ネットワークエラー、タイムアウト、存在しないURLへのアクセスなど、様々なエラーが発生する可能性があります。try-exceptブロックを適切に配置し、エラーメッセージを表示したり、リトライ処理を実装したりすることで、スクリプトの堅牢性を高めることができます。

4. ダウンロード速度の制御と遅延

頻繁なアクセスはWebサーバーに負荷をかけ、IPアドレスのブロックにつながる可能性があります。time.sleep()関数を使って、リクエスト間に意図的な遅延を入れることで、サーバーへの負荷を軽減し、より友好的なスクレイピングを行います。

import time
# ...
time.sleep(1) # 1秒待機してから次のリクエストを行う
# ...

5. User-Agentの設定

一部のWebサイトでは、デフォルトのrequestsライブラリからのアクセスをボットとみなし、ブロックすることがあります。User-Agentヘッダーを、ブラウザからアクセスしているかのように偽装することで、この問題を回避できる場合があります。

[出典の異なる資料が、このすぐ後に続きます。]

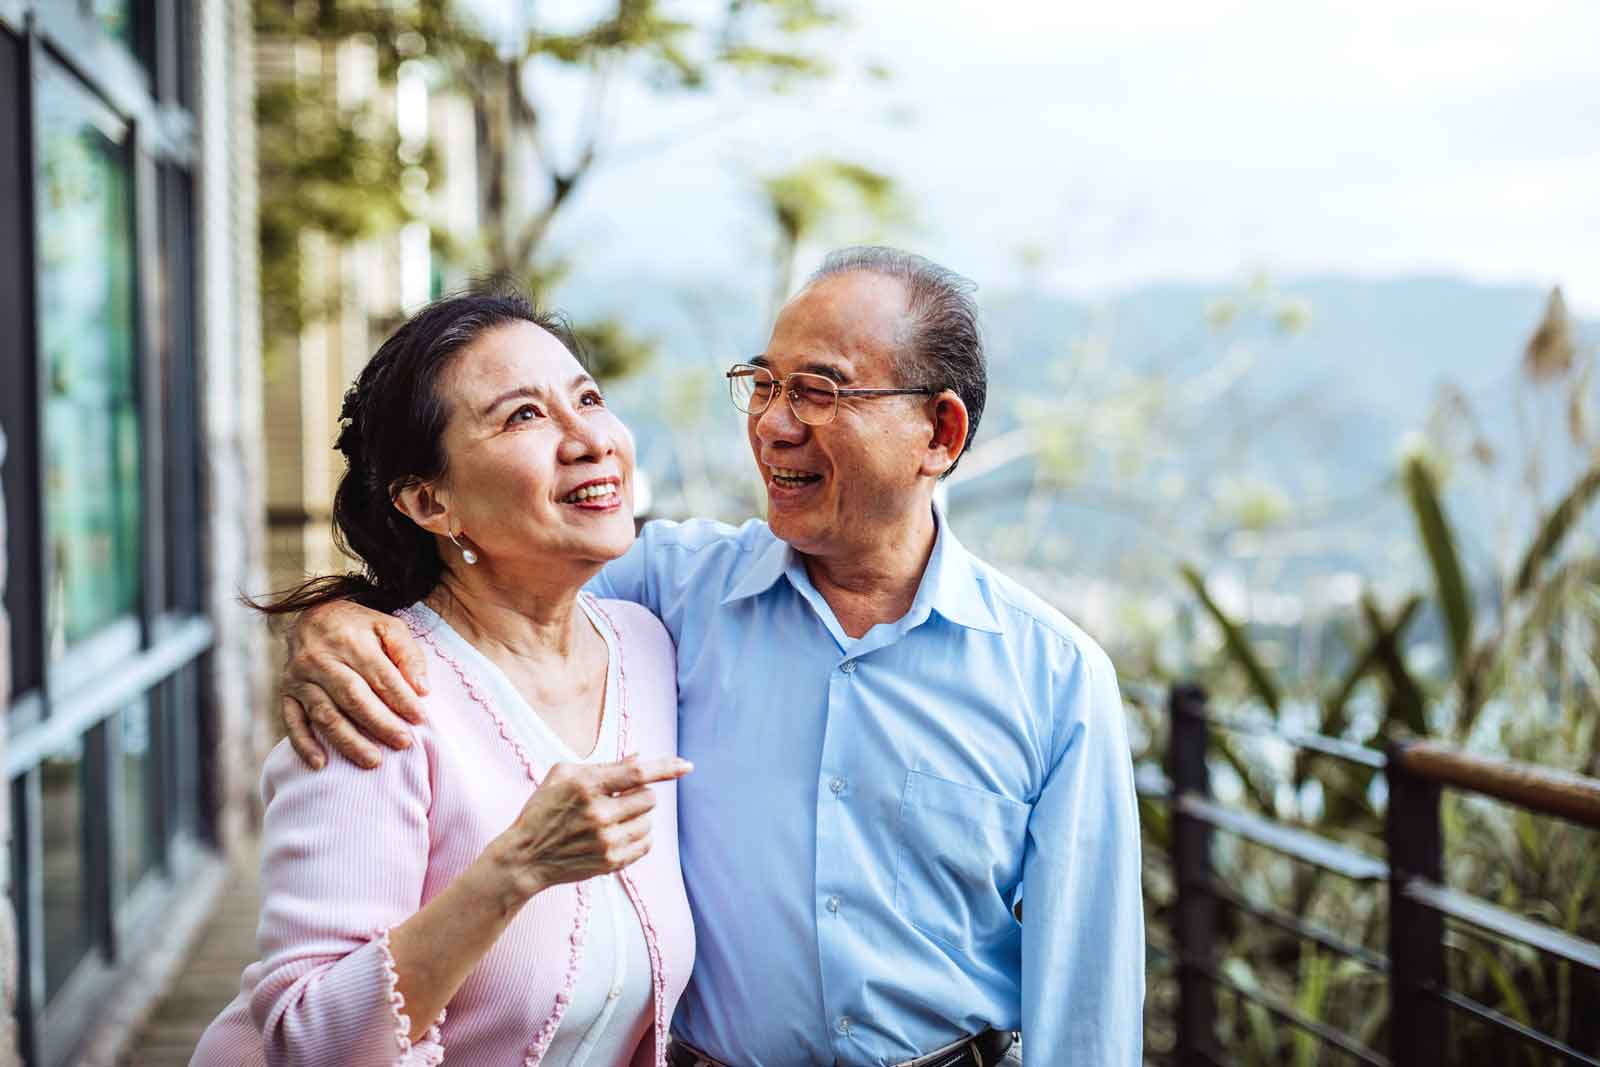 Mature couple enjoying joyful moments
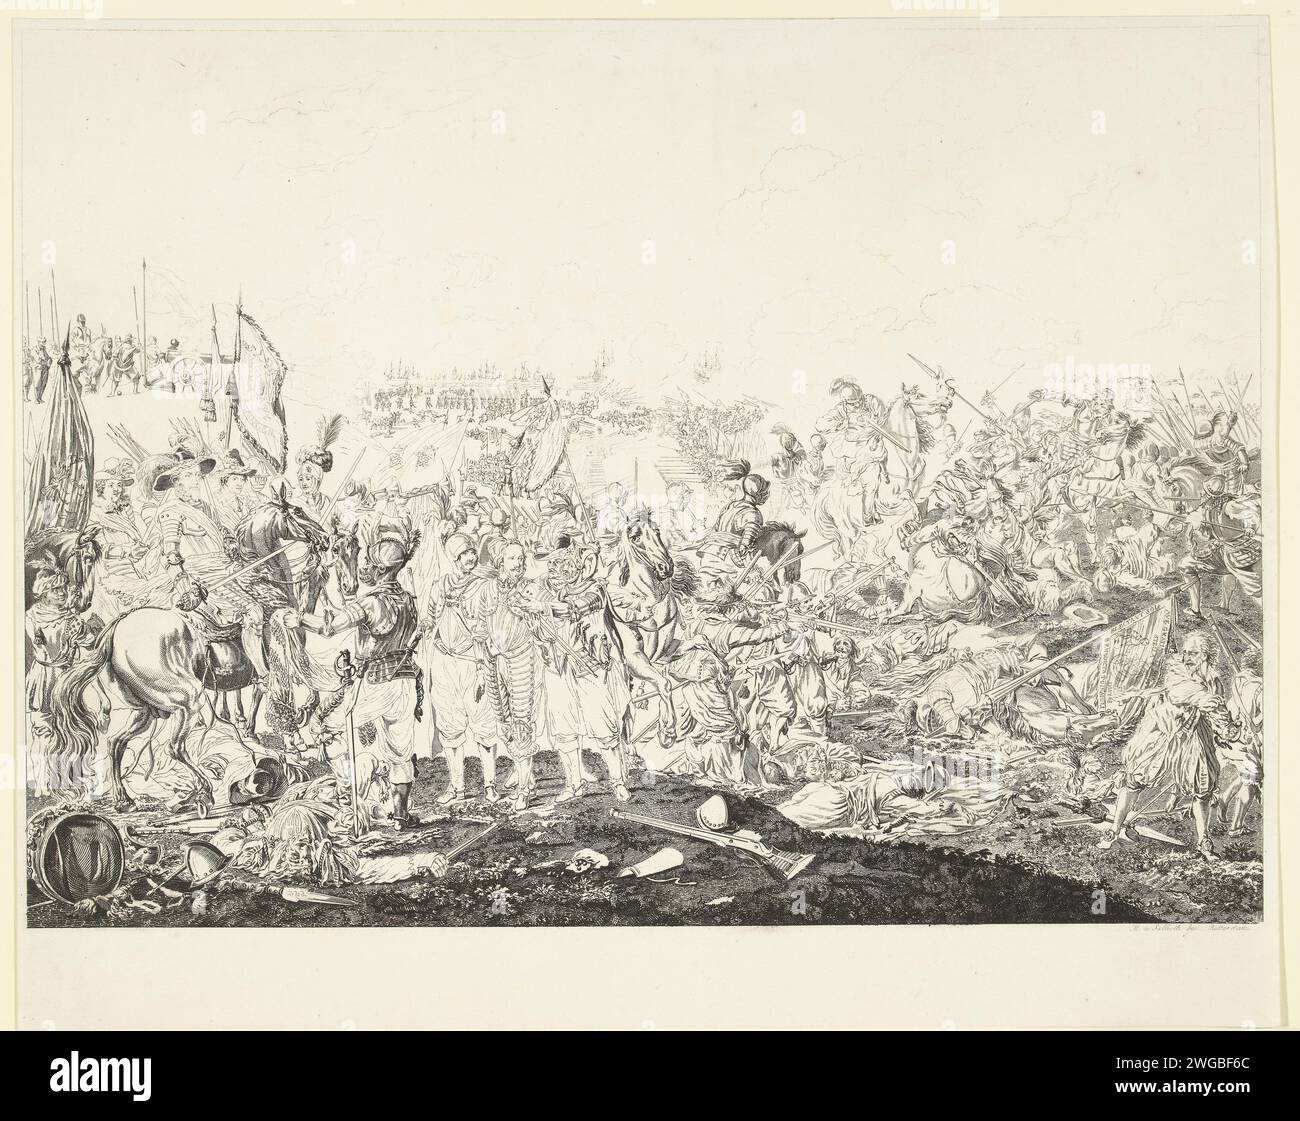 Maurits remporte la victoire à la bataille de Nieuwpoort, 1600, 1775 - 1791 imprimer la bataille de Nieuwpoort, 2 juillet 1600. Au premier plan à gauche, le prince Maurits à cheval, entouré de soldats et d'officiers, le Franciscus emprisonné de Mendoza est conduit au prince. La bataille fait rage en arrière-plan. Preuve de l'état inachevé. Bataille de gravure sur papier des pays bas (+ forces terrestres) Nieuwpoort (Belgique) Banque D'Images

headers = {'User-Agent': 'Mozilla/5.0 (Windows NT 10.0; Win64; x64) AppleWebKit/537.36 (KHTML, like Gecko) Chrome/91.0.4472.124 Safari/537.36'}
response = requests.get(url, headers=headers)

6. JavaScriptで動的に生成されるコンテンツ

近年、多くのWebサイトではJavaScriptによってコンテンツが動的に生成されます。requestsBeautiful Soupの組み合わせでは、JavaScript実行後のHTMLを取得できないため、これらの画像はダウンロードできません。このような場合、Seleniumのようなブラウザ自動化ツールを使用する必要があります。Seleniumは、実際のブラウザを操作するため、JavaScriptで生成されたコンテンツも取得できますが、実装がやや複雑になります。

7. 利用規約の確認

Webスクレイピングを行う際には、対象Webサイトの利用規約(Terms of Service)やrobots.txtファイルを必ず確認してください。無許可でのスクレイピングは、利用規約違反となり、法的な問題に発展する可能性があります。

まとめ

本稿では、PythonのrequestsライブラリとBeautiful Soupライブラリを利用して、Webサイトの画像を効率的に一括ダウンロードするスクリプトの作成方法について解説しました。基本的なスクリプトの実装から、エラーハンドリング、応用的な機能、そしてWebスクレイピングを行う上での注意点までを網羅しました。

このスクリプトは、Web上の情報を効率的に収集したいという多くのニーズに応える強力なツールとなります。今回紹介したコードをベースに、ご自身の目的に合わせてカスタマイズし、活用していただければ幸いです。Webスクレイピングは、情報収集の可能性を大きく広げる技術ですが、常に倫理的かつ合法的な範囲で行うことが重要です。